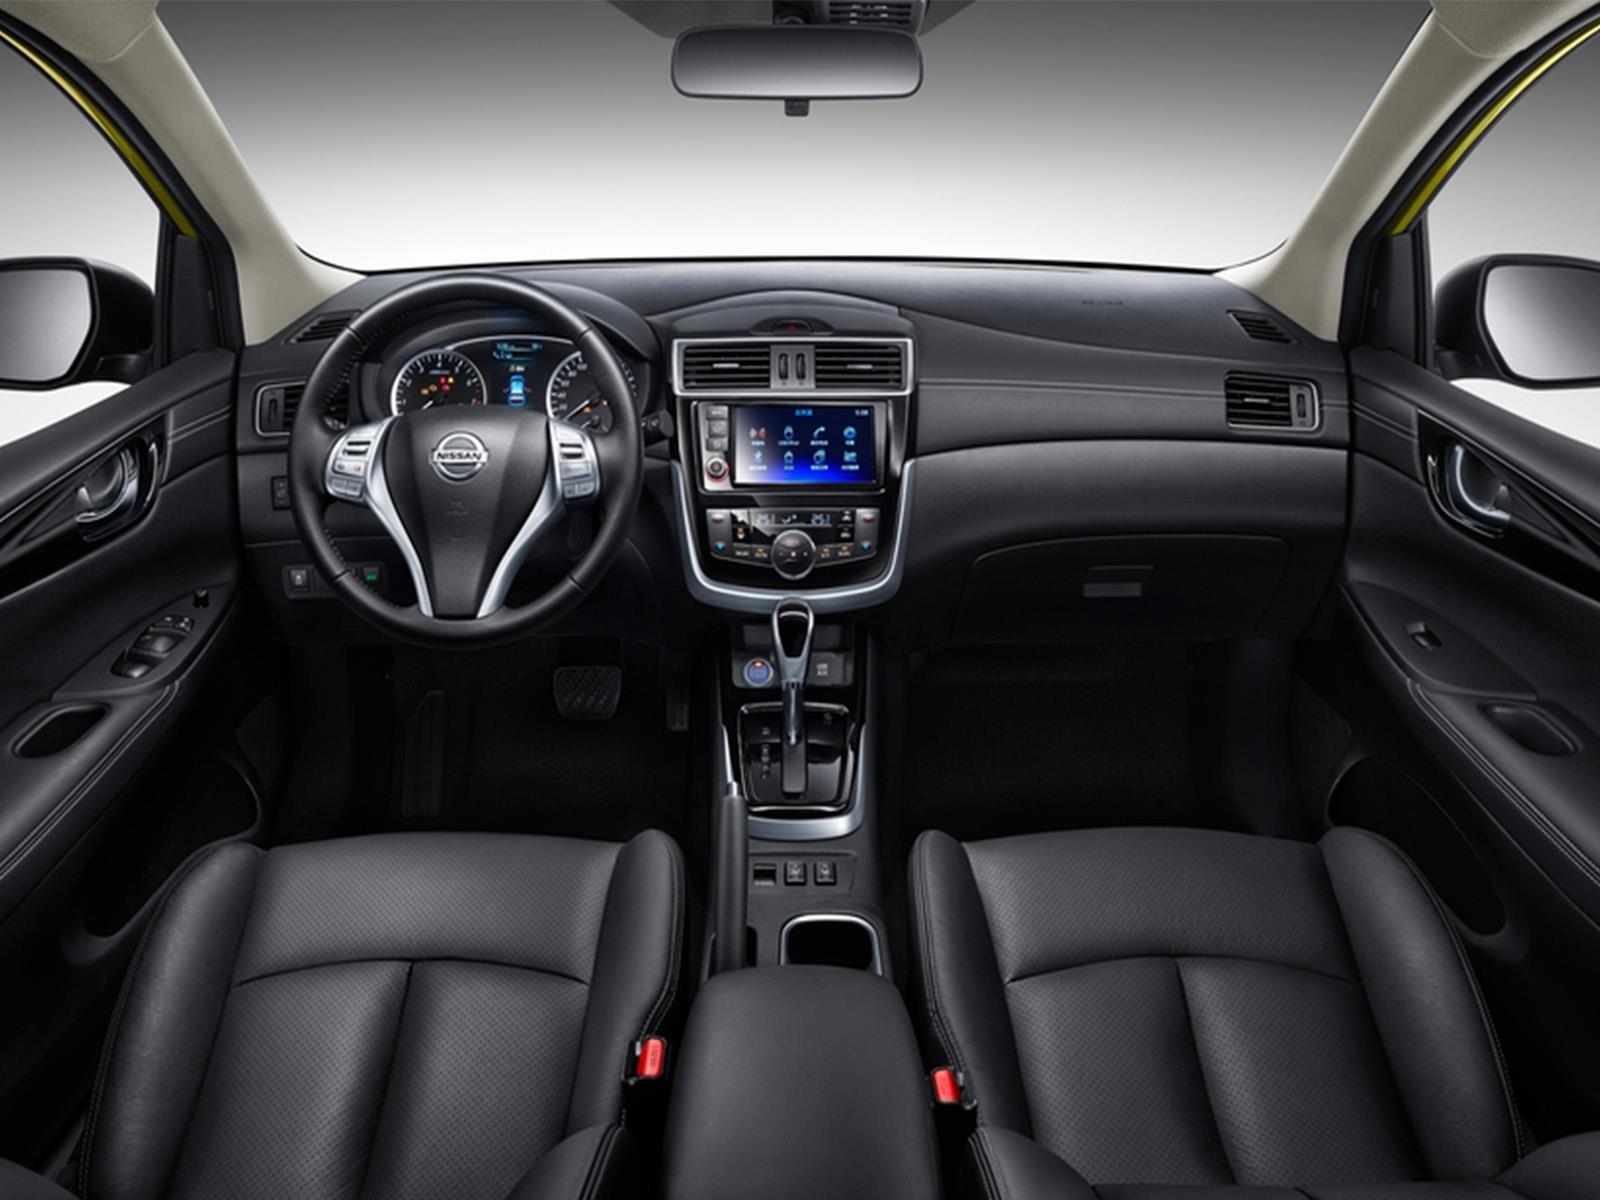 Nissan Tiida Hatchback se actualiza - Autocosmos.com
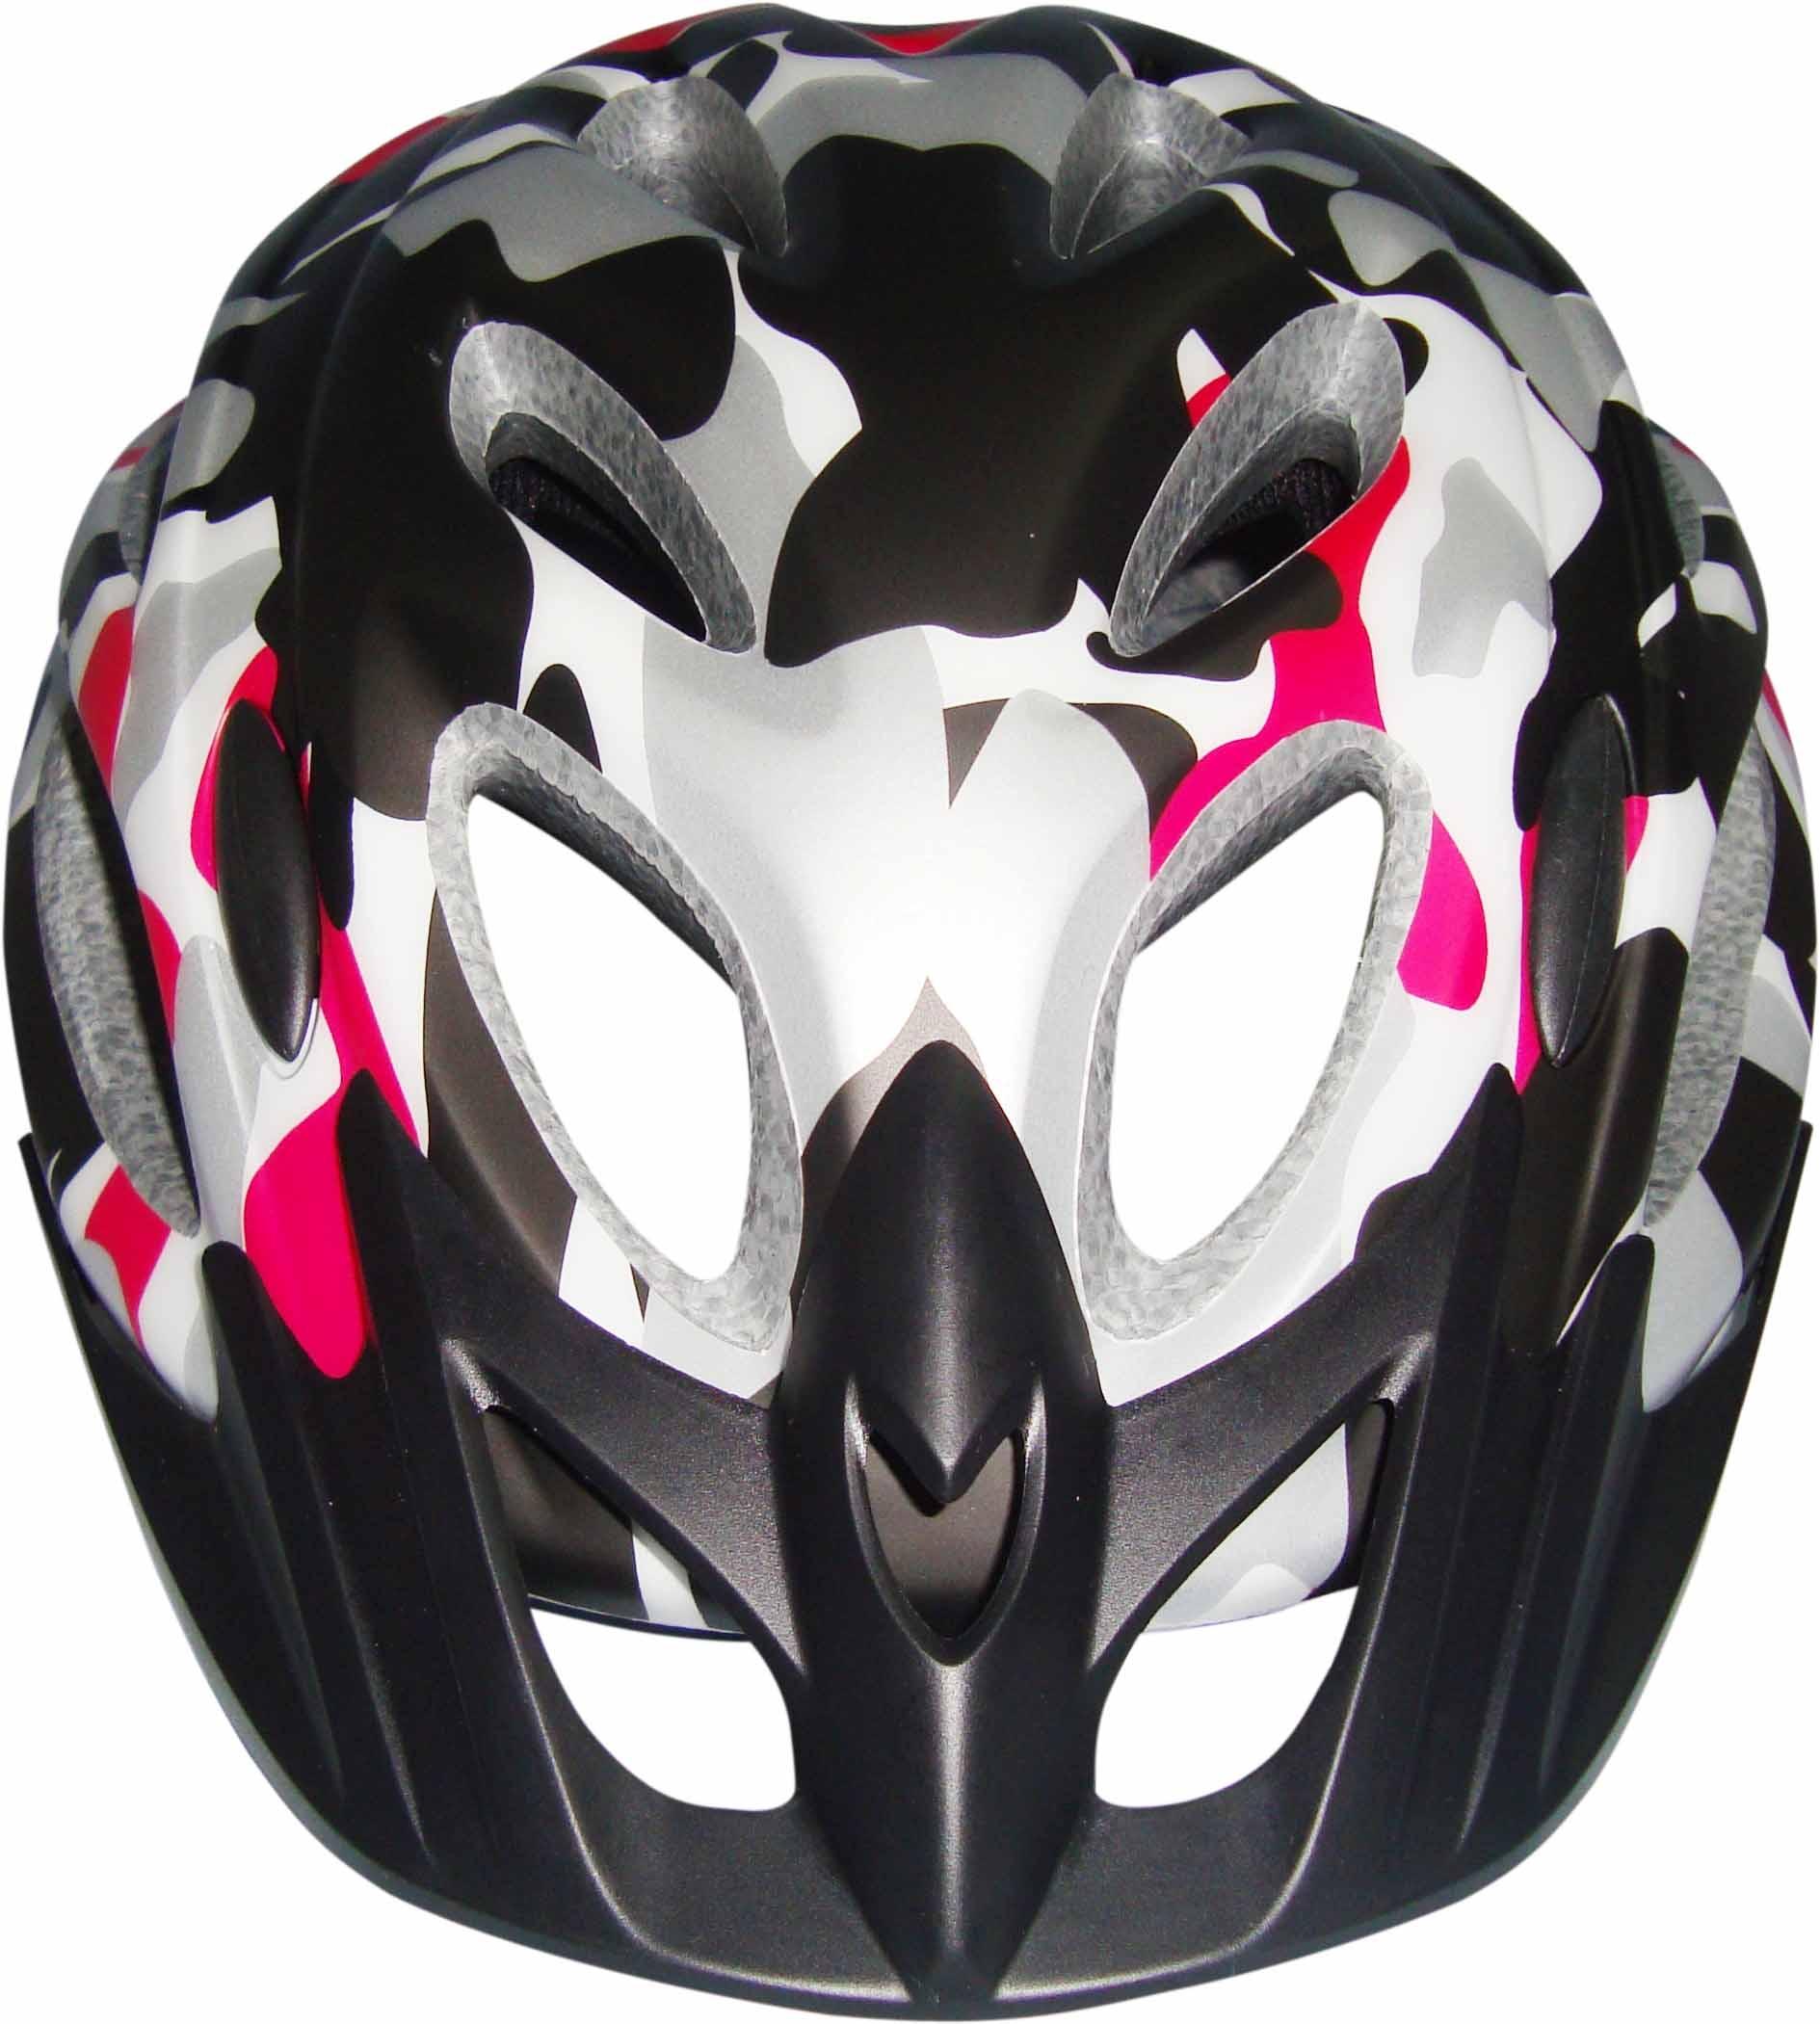 Certified Mountain Bike Helmet Light Best Helmet Light
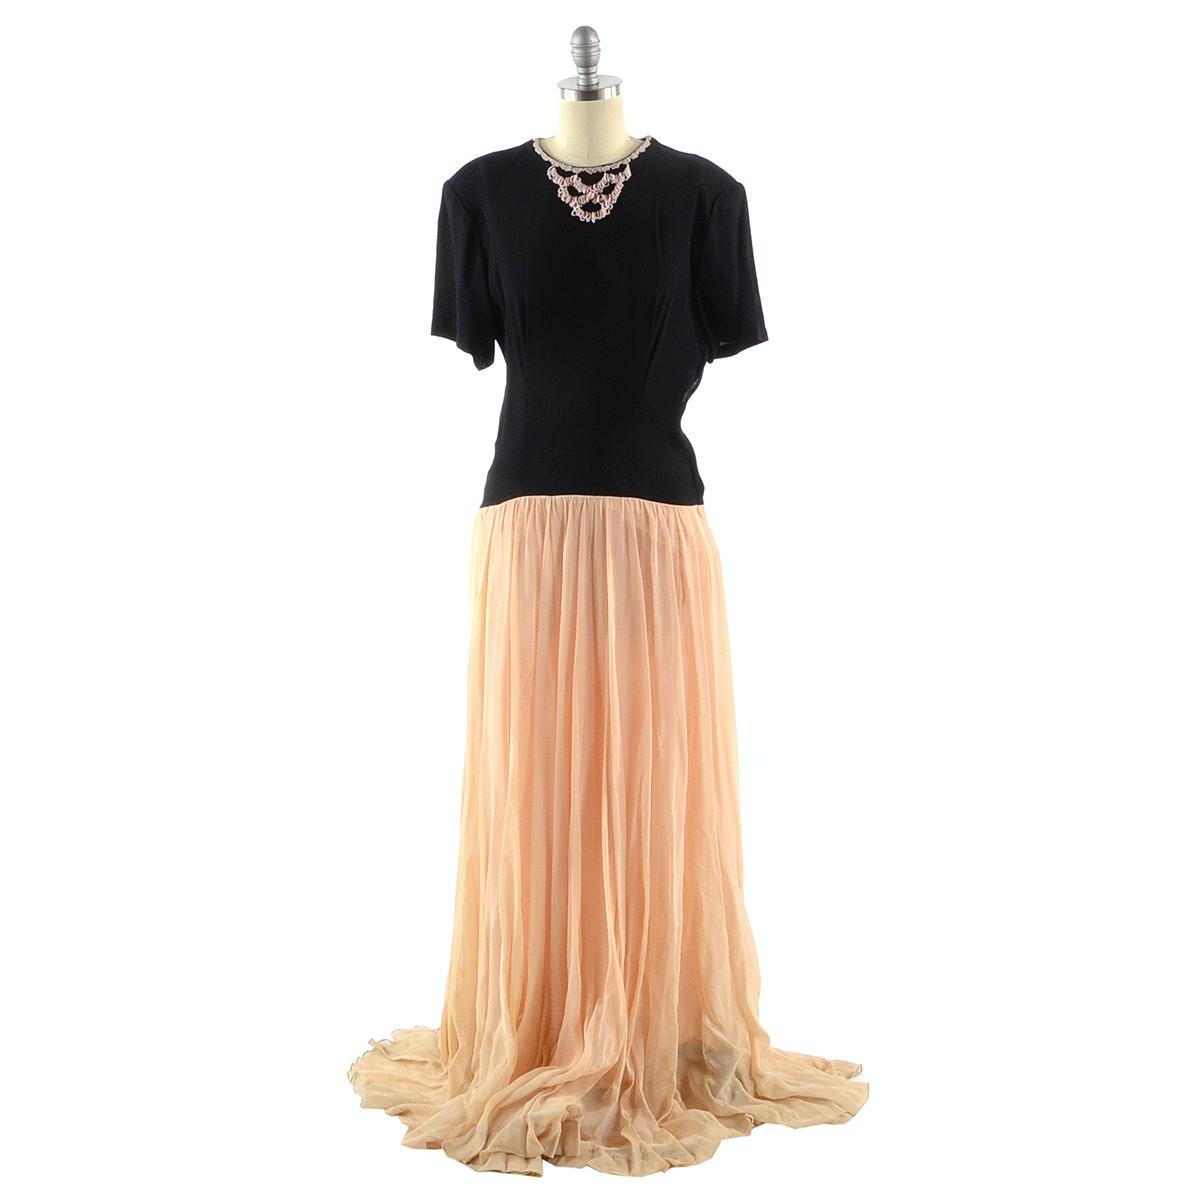 Vintage Crepe and Chiffon Evening Dress

-- Task prompt --
Everything in the listing above, apart from its pictures, must be repeated exactly.

-- Expected output --
 Nissan Tiida Hatchback se actualiza - Autocosmos.com
 Certified Mountain Bike Helmet Light Best Helmet Light
 Vintage Crepe and Chiffon Evening Dress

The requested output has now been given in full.